Data below:
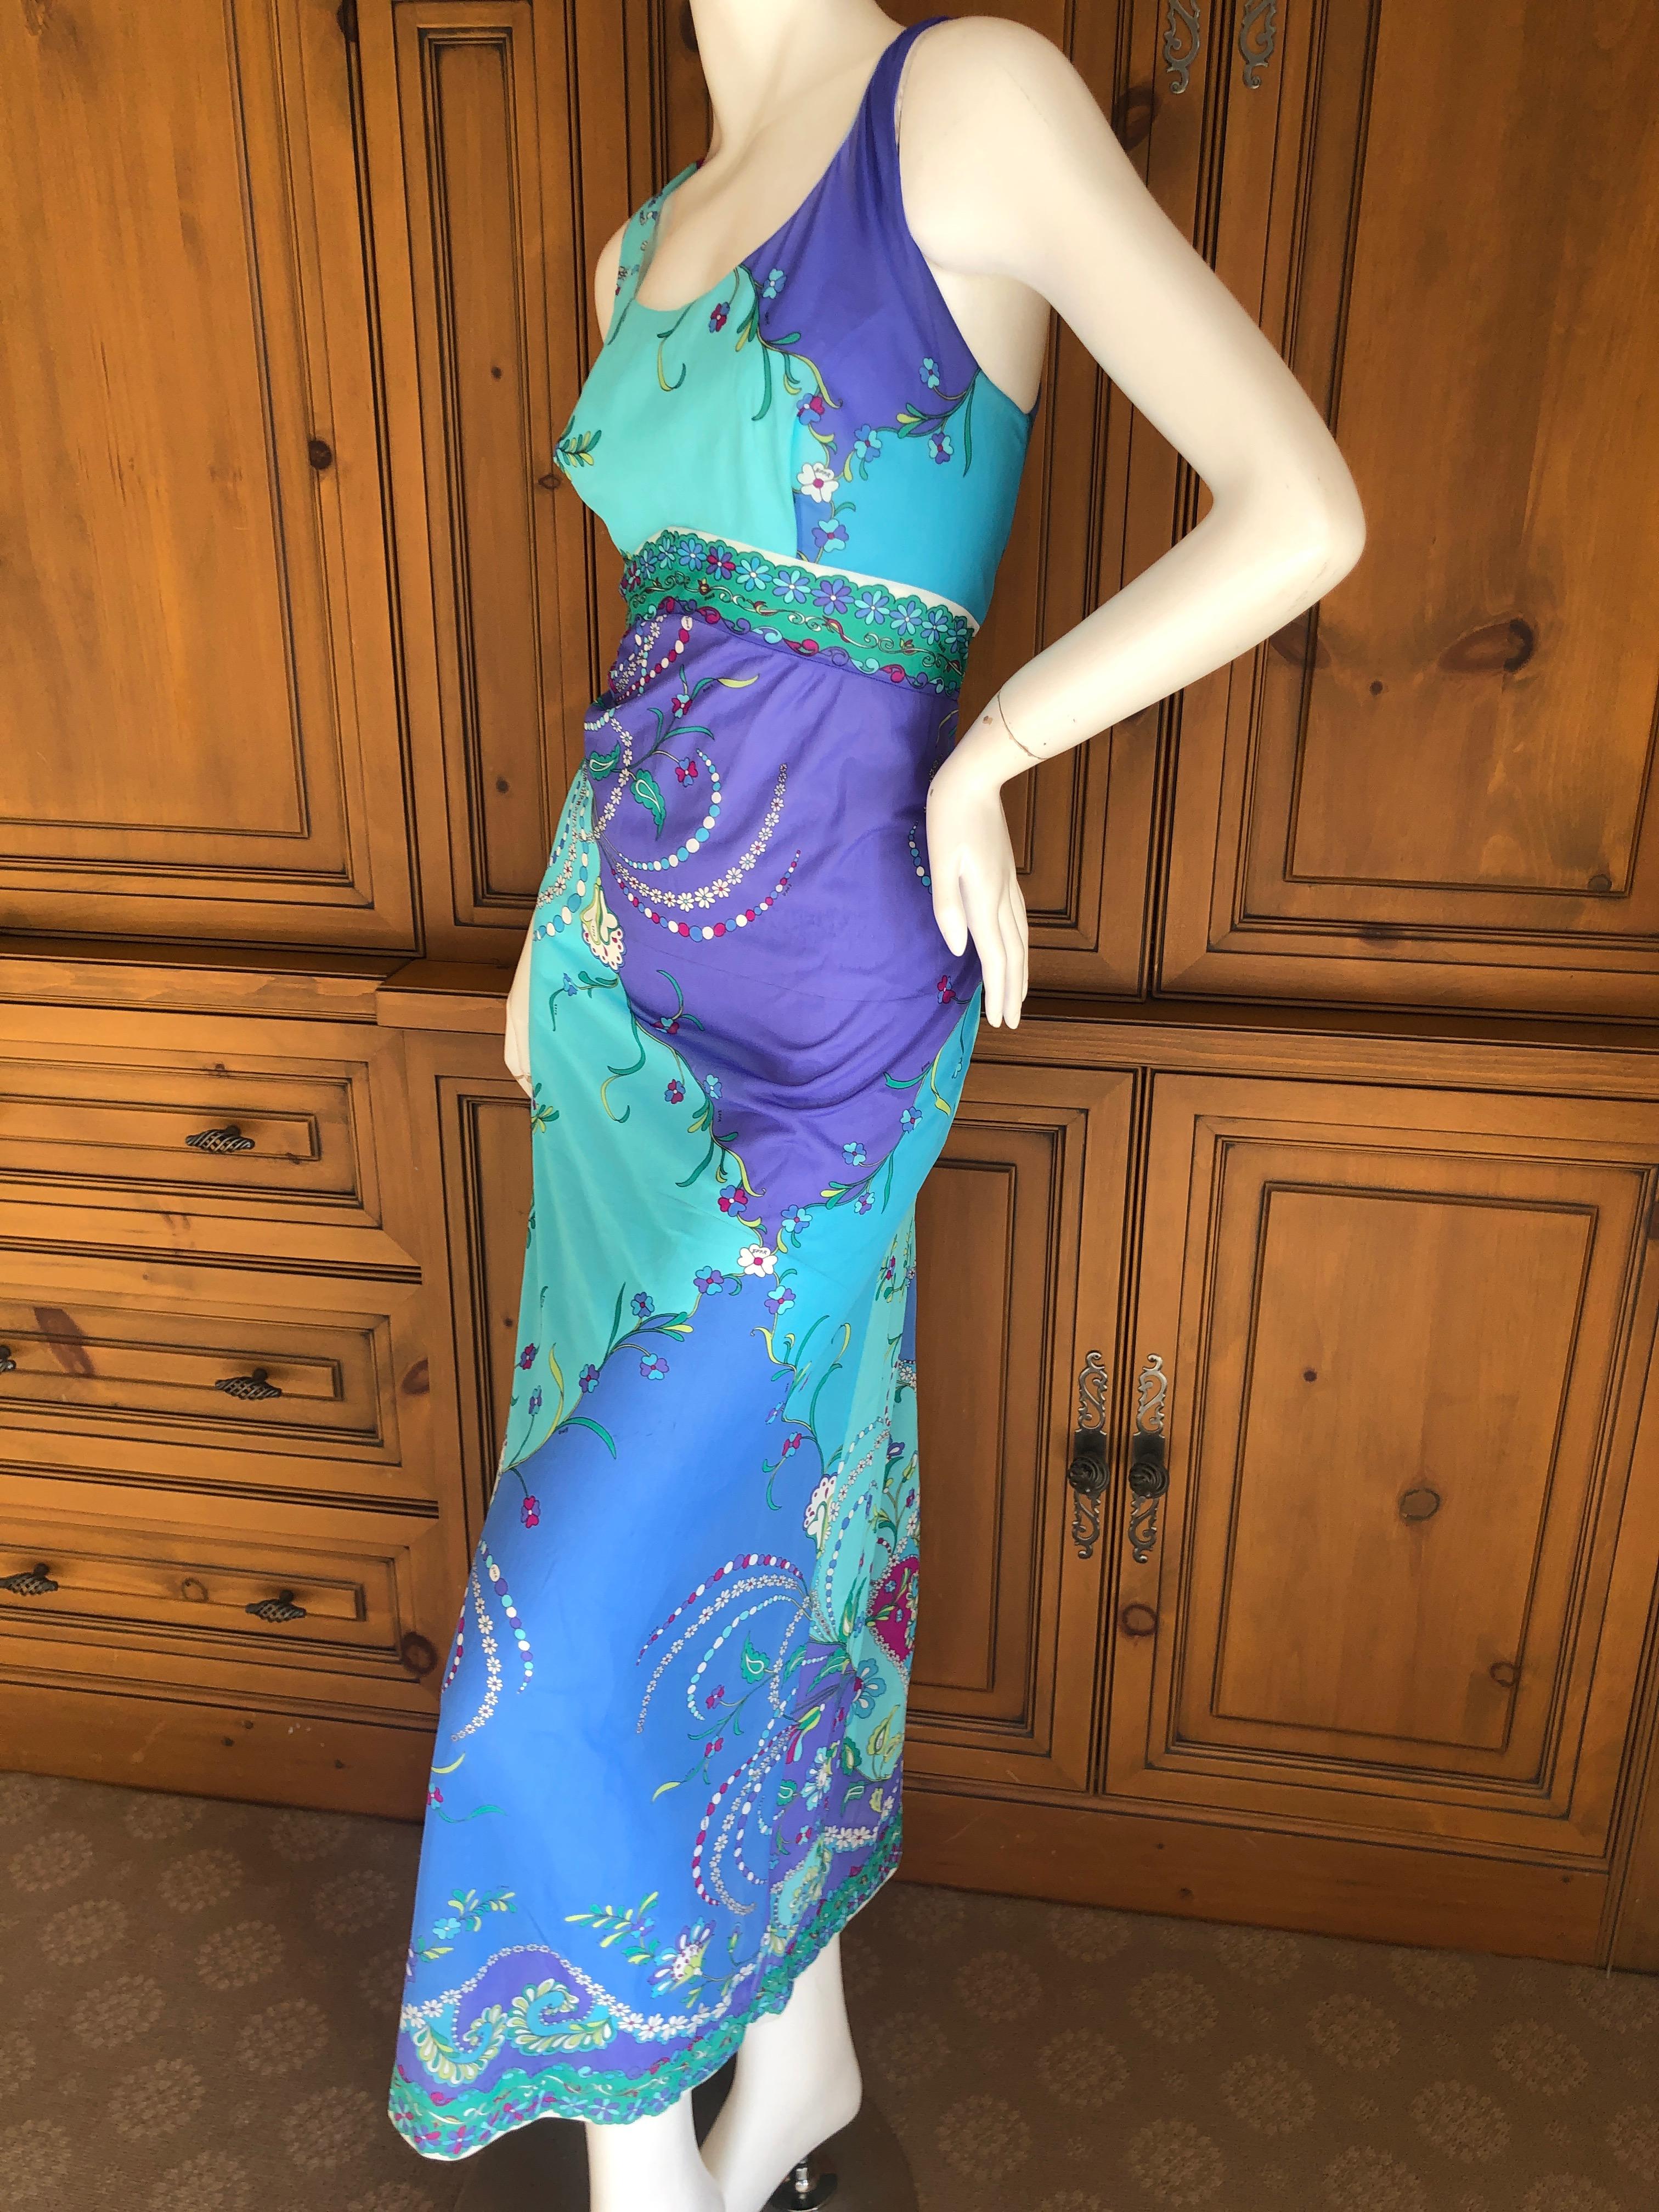 Emilio Pucci for Formfit Rogers Colorful Vintage 1960's Nightgown Dress For Sale 2
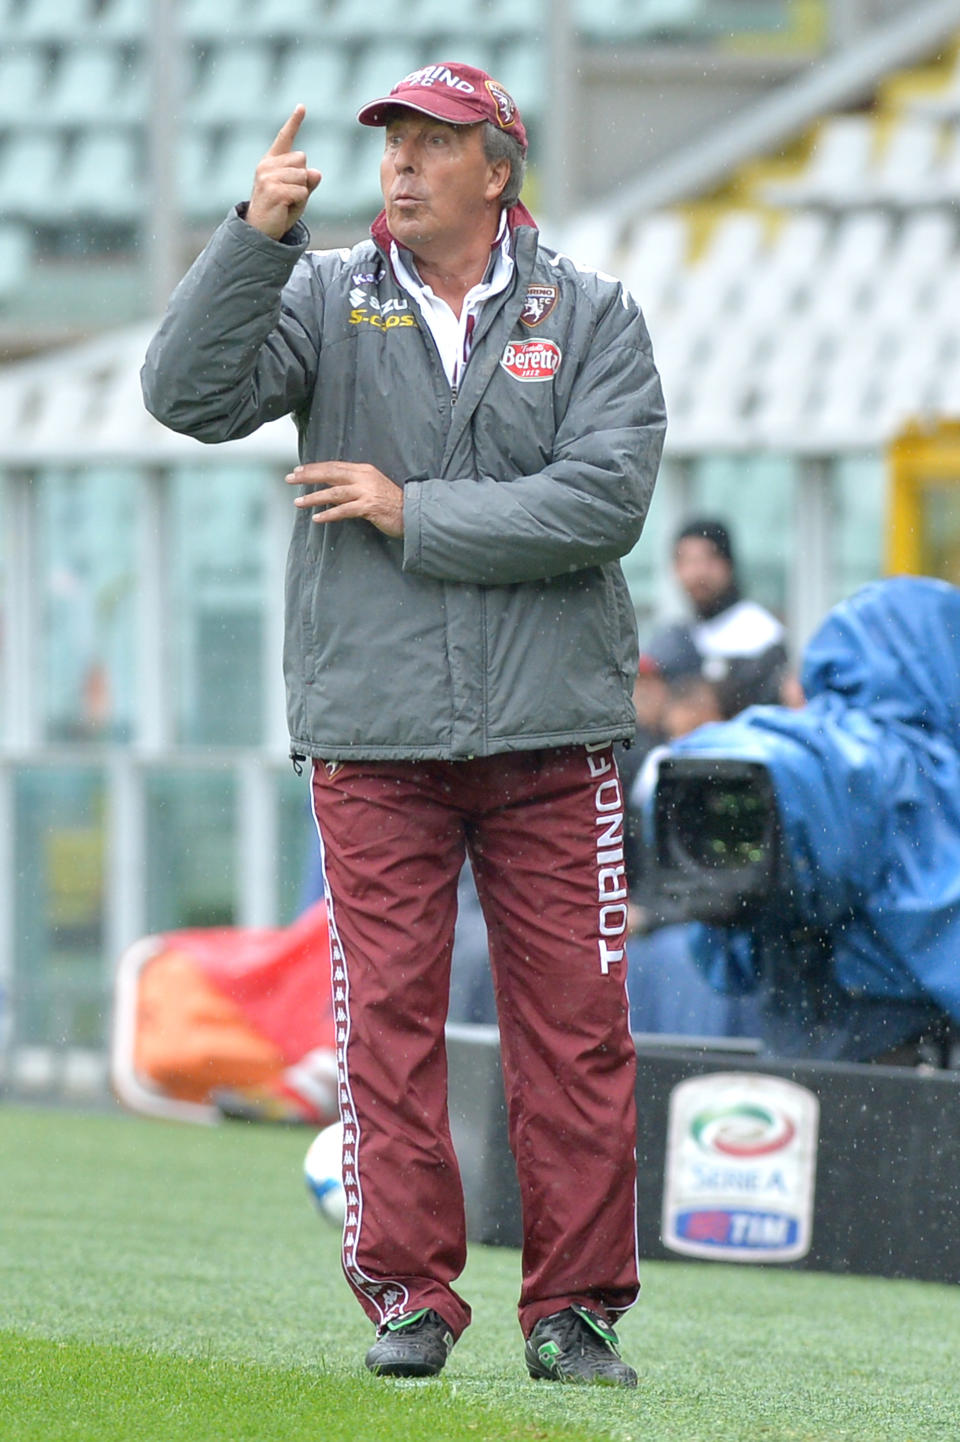 Torino' coach Giampiero Ventura gestures during a Serie A soccer match between Torino and Udinese at the Olympic stadium, in Turin, Italy, Sunday, April 27, 2014. (AP Photo/ Massimo Pinca)
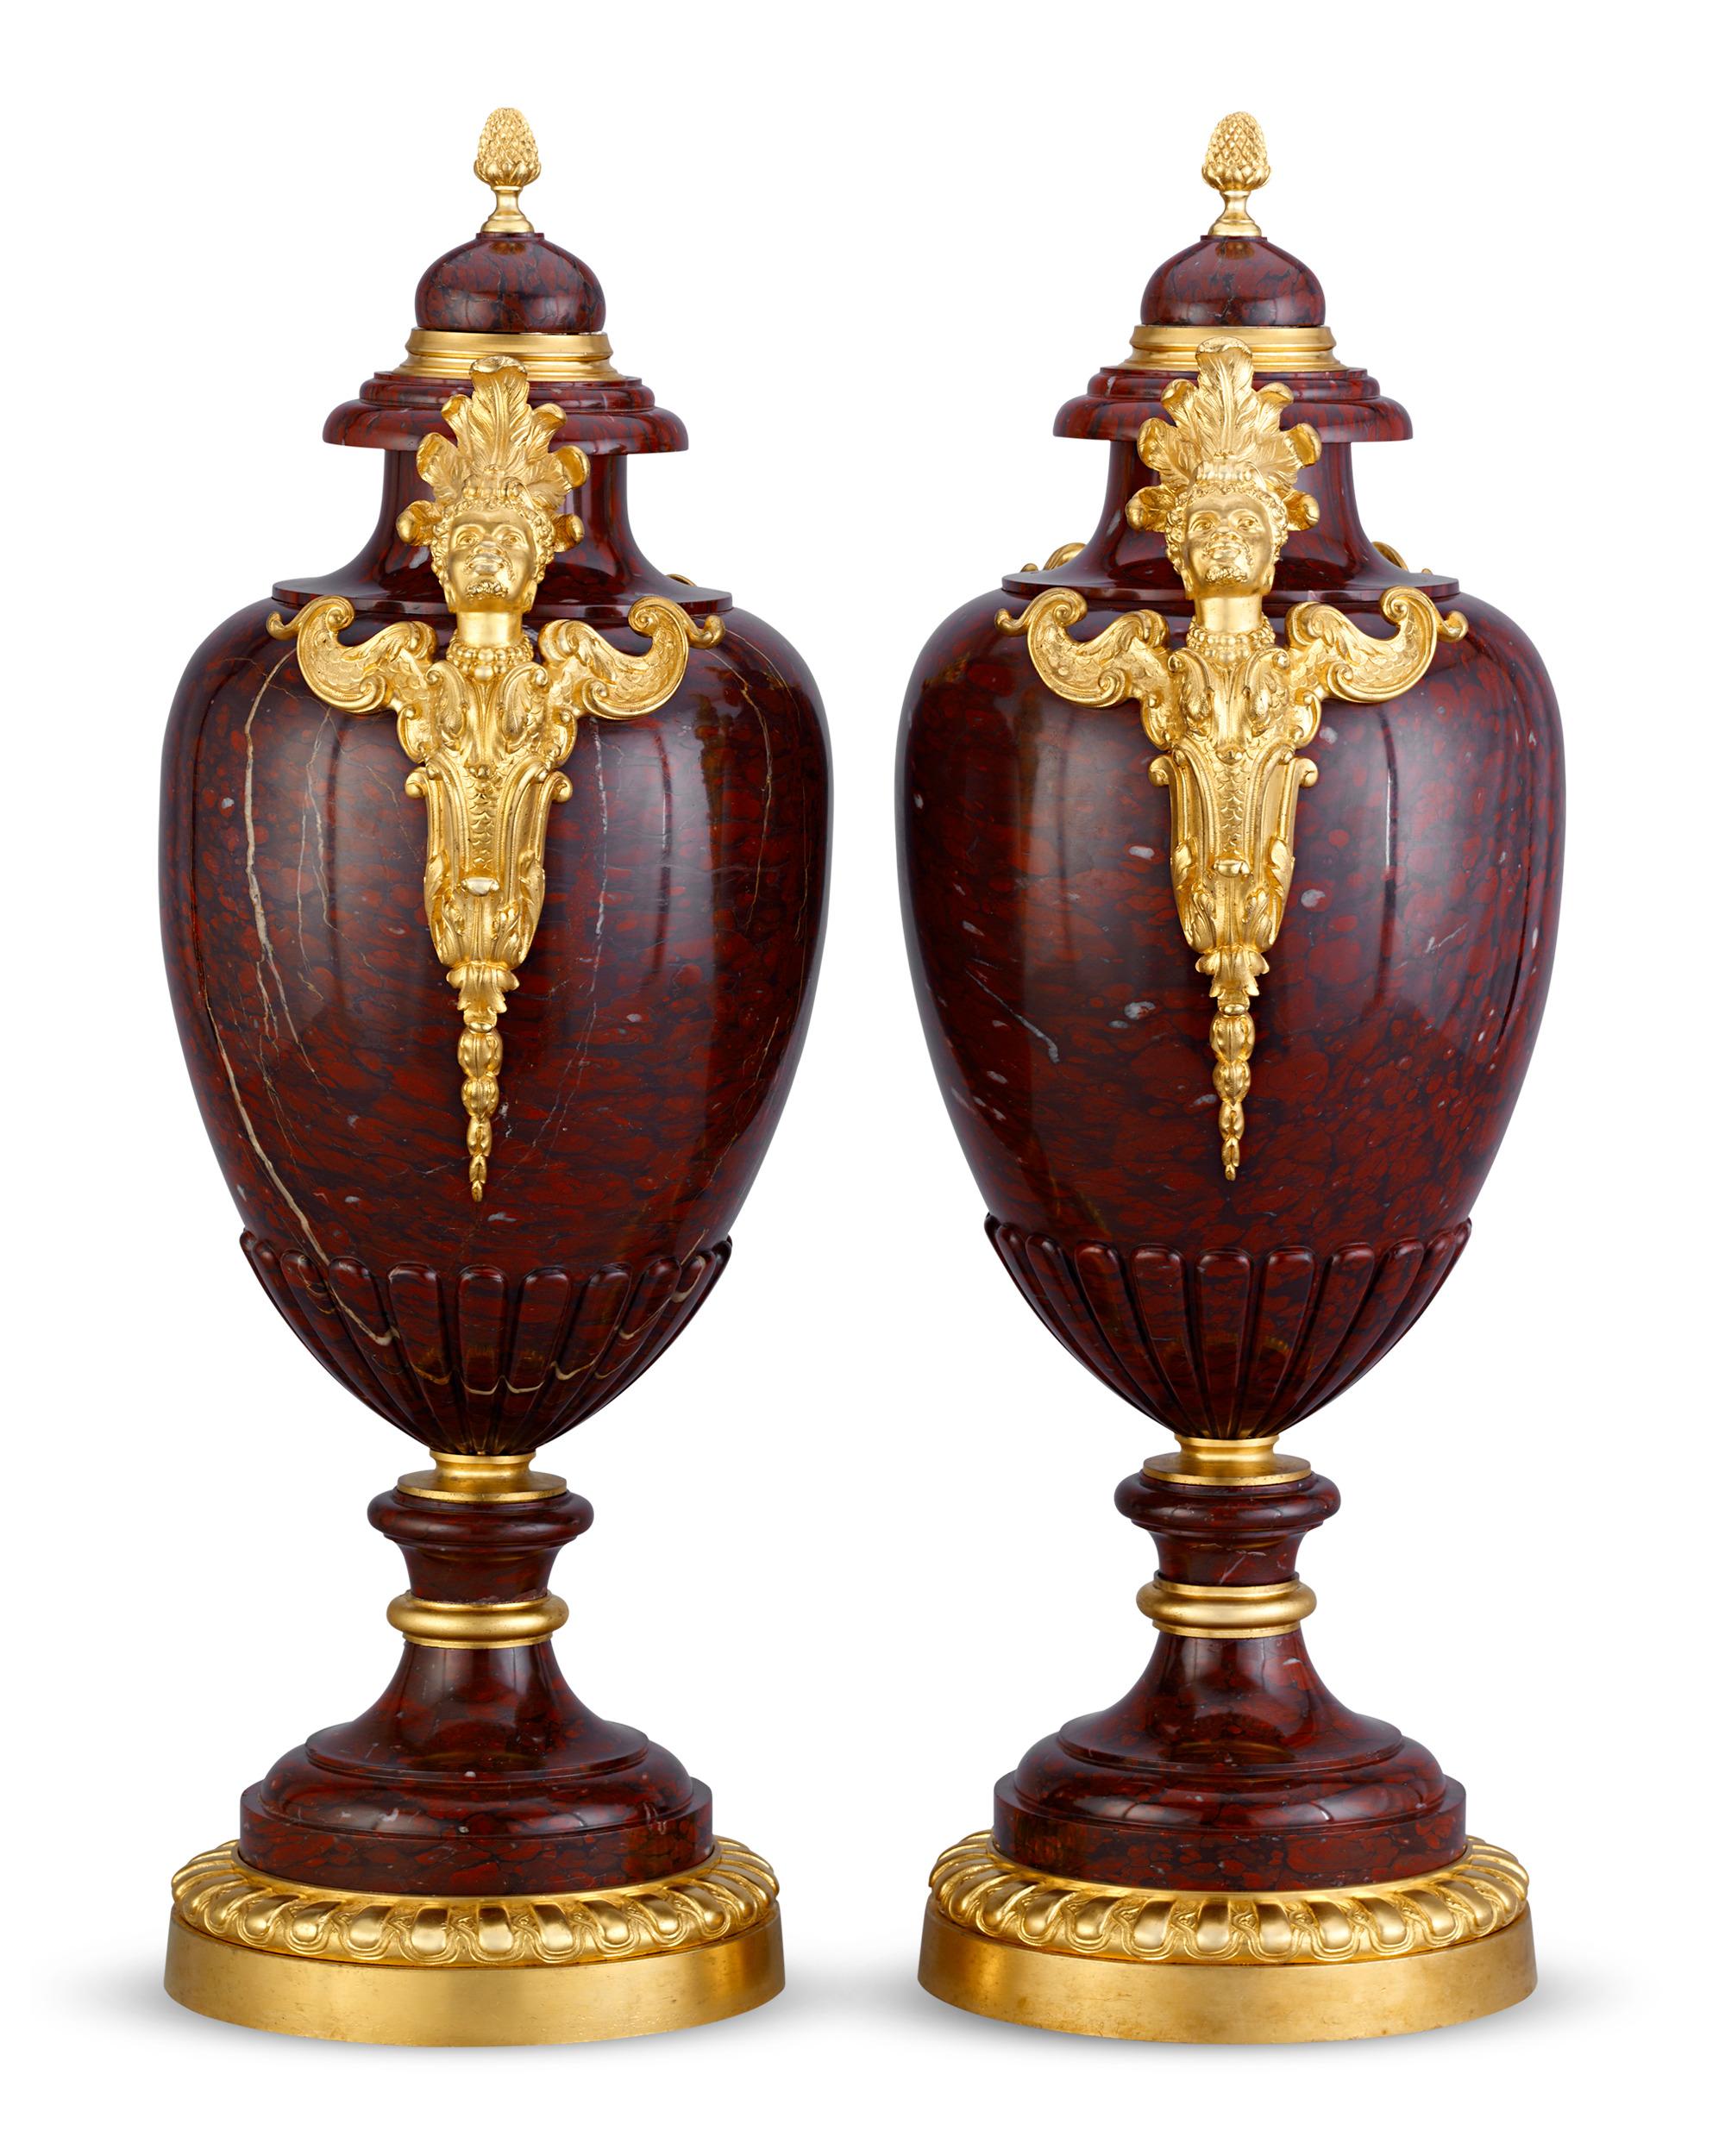 Fashioned of rare and precious griotte rouge marble and gilt bronze, these vases embody neoclassical elegance at its finest. Borrowing its forms and motifs derived from classical Roman and Greek antiquity, the gilt bronze contrasts beautifully with

Assignment: Without including any picture, reproduce the material above word for word.

Final answer:
 Emilio Pucci for Formfit Rogers Colorful Vintage 1960's Nightgown Dress For Sale 2
 Torino' coach Giampiero Ventura gestures during a Serie A soccer match between Torino and Udinese at the Olympic stadium, in Turin, Italy, Sunday, April 27, 2014. (AP Photo/ Massimo Pinca)
 Fashioned of rare and precious griotte rouge marble and gilt bronze, these vases embody neoclassical elegance at its finest. Borrowing its forms and motifs derived from classical Roman and Greek antiquity, the gilt bronze contrasts beautifully with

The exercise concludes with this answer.